Wednesday’s law would instead allow the French government to approve by decree the return of cultural heritage to countries of origin under certain conditions. 

Bureaucratic hurdles remain

However, the new law does not guarantee that African countries will get their cultural property back faster, according to Catherine Morin-Desailly, a senator and member of the French Senate Culture Committee.

"I’m going to be nuanced because for each object it is also necessary to examine the request and to have a scientific, historical and legal study that allows us to affirm that it is indeed the right object," she said.

The law proposes complicated requirements before an artefact can be returned without French parliament approval. 

First and foremost, documentation must be submitted to a bilateral scientific committee proving that an artefact was taken by illicit means.

Then France’s senior administrative jurisdiction, Conseil d’Etat, will give the final approval to restitute the object.
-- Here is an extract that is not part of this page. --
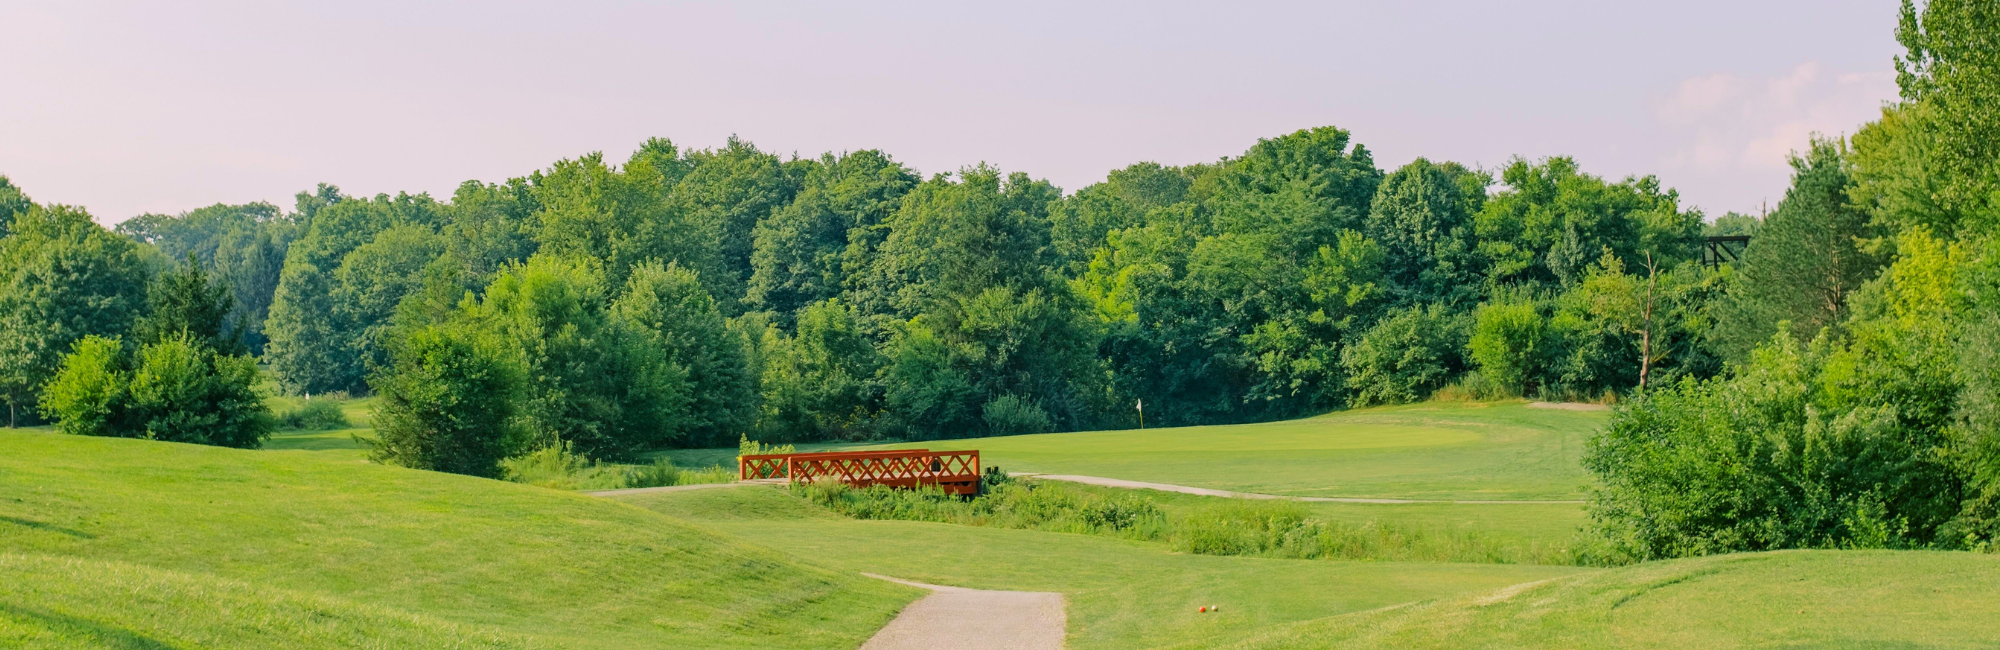 Whispering Hills Golf Course

Only artefacts intended for future public display will be taken into consideration, and military items, public archives and items found during archaeological digs are excluded from the proposed legislation.

Opposition sounds the alarm

Senator Pierre Ouzoulias, who is a member of France’s cultural commission, said in an interview with The Art Newspaper that he “deeply regrets” the government’s attempt to rush “such a complex matter, after years of delay when Dati did nothing to move forward with the bill”.

He requested that an independent scientific body be appointed to have oversight of the approval process to avoid the government using restitutions as a political tool.

"France has not finished mourning its colonial past. That's one of the challenges of restitution", Ouzoulias wrote on X.

African countries, including Senegal, Chad, Ethiopia and Algeria, have requested the return of tens of thousands of objects from France.  

The French Senate is expected to vote on the new bill on September 24th.